Was Kirsten Lehmann sonst noch für die Mitarbeiterzufriedenheit unternimmt? Geteilte Dienste sind die absolute Ausnahme. „Gerade am Wochenende sind die in vielen Pflegediensten üblich. Meine Mitarbeiter arbeiten lieber an zwei Wochenenden im Monat mit überschaubaren Diensten. Wenn man einen gewissen Personalstamm hat, ist das auch gut machbar.“ Außerdem versucht Lehmann Wunschdienste zu berücksichtigen und achtet darauf, dass niemand länger als fünf Tage hintereinander arbeitet, sieben Tage sind absolutes Maximum.
Der Krankenstand ist minimal
Dann sind da noch die vielen Lichtblicke im Arbeitsalltag, für die die geborene Niedersächsin sorgt: ein Obolus zum Geburtstag plus einen Tag frei – bei Nullen wird er verdoppelt –, Zuschuss zum Mobiltelefon, für Mitarbeiter, die ihr eigenes nutzen, kleine Geschenke zu Weihnachten und Ostern.
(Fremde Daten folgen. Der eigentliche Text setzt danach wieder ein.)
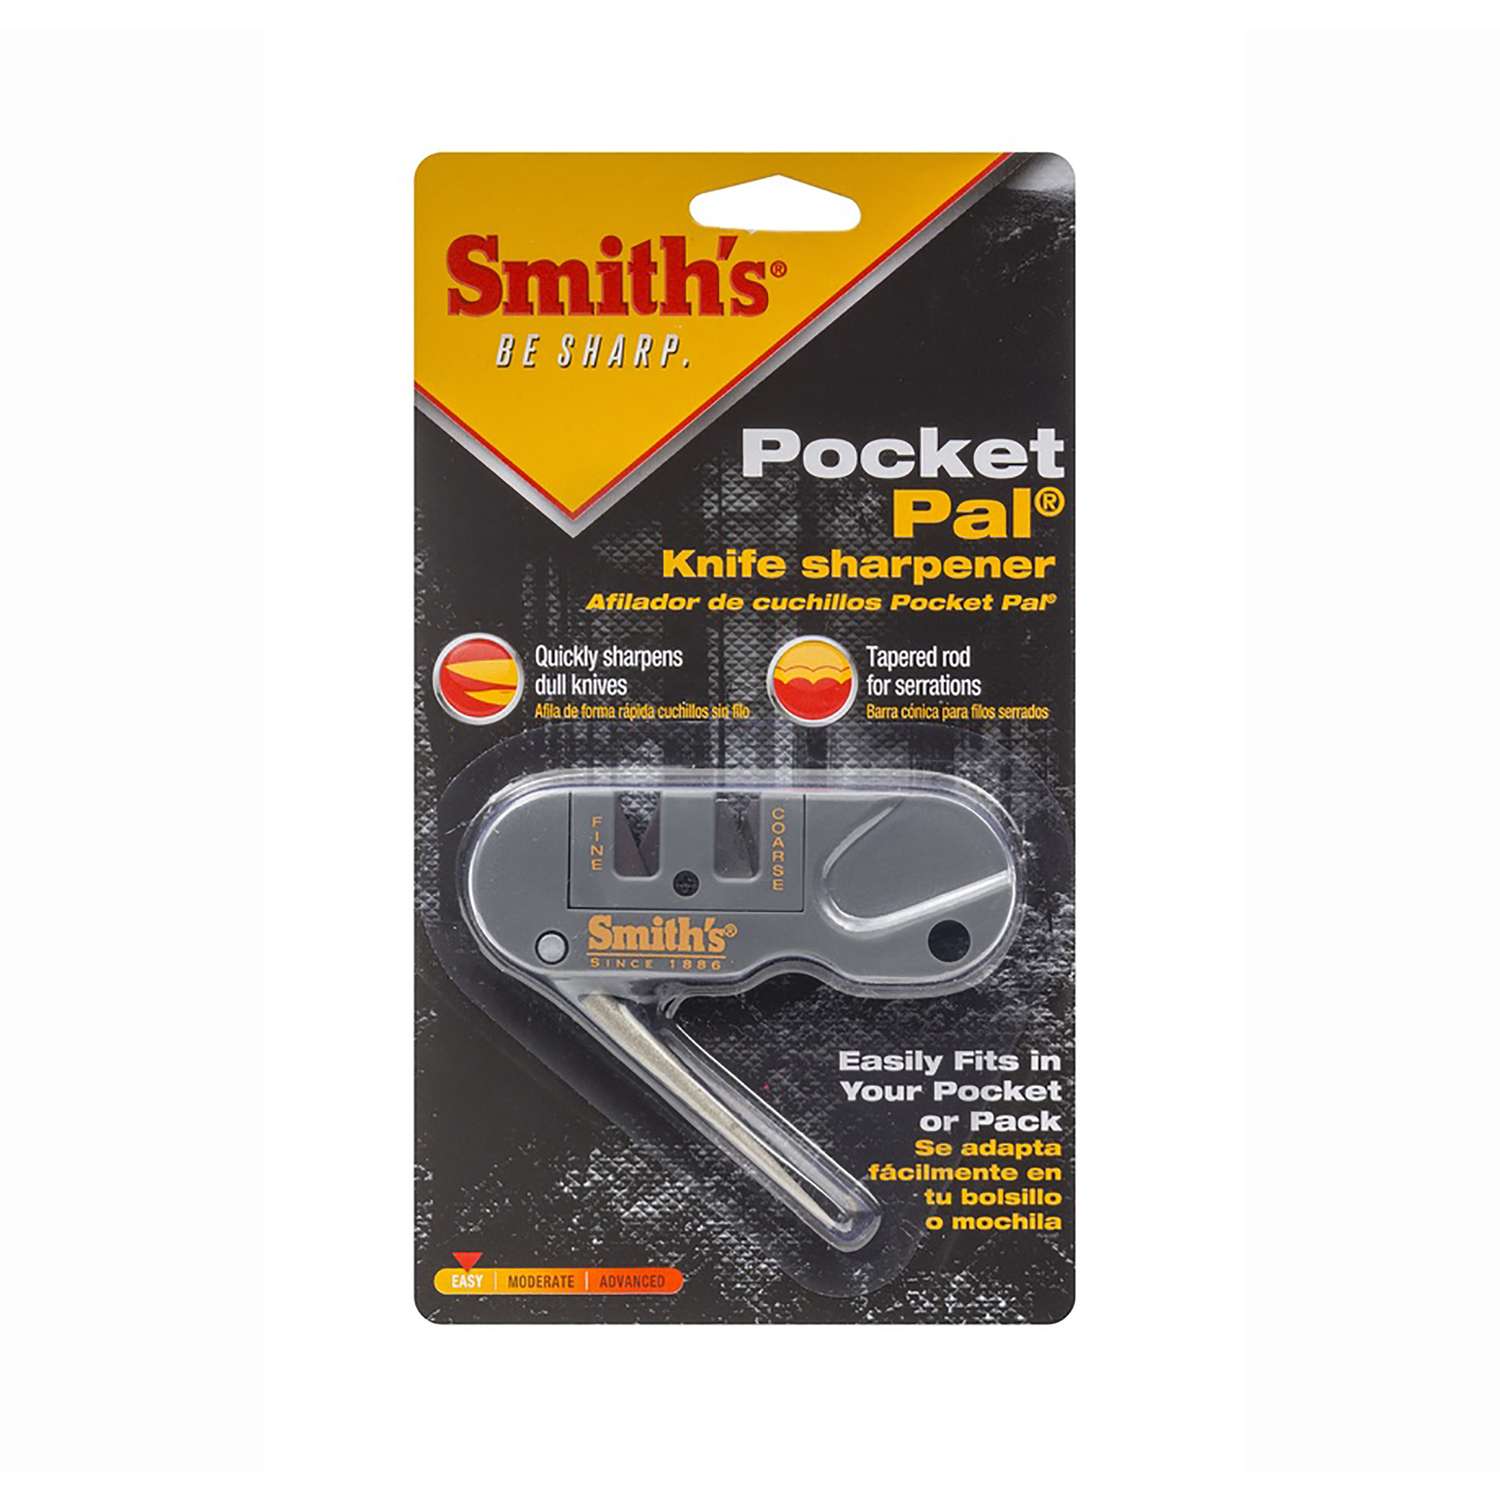 Smith's Pocket Pal X2 Sharpener And Survival Tool

Zur guten Stimmung trägt auch das tägliche gemeinsam organisierte Frühstück bei – und nicht zuletzt, dass die Tür der Chefin immer offensteht. "Die Mitarbeiter können wirklich mit jedem Problem zu mir kommen, egal, ob beruflich der privat. Das steht für mich an erster Stelle, die Zeit nehme ich mir, egal, wie viel Stress ich sonst habe."
Wirtschaftlich betrachtet geht die Rechnung von Kirsten Lehmann letztlich auch auf: Der Krankenstand in ihrem Pflegedienst sei minimal sagt sie, ebenso wie die Fluktuation. Und sollte doch einmal jemand abwandern, so hat sie die Stelle meistens nach drei Monaten wieder neu besetzt. Viel Geld muss sie nicht ausgeben für die Personalsuche – sie kann sich auf die Mundpropaganda ihrer Mitarbeiter verlassen.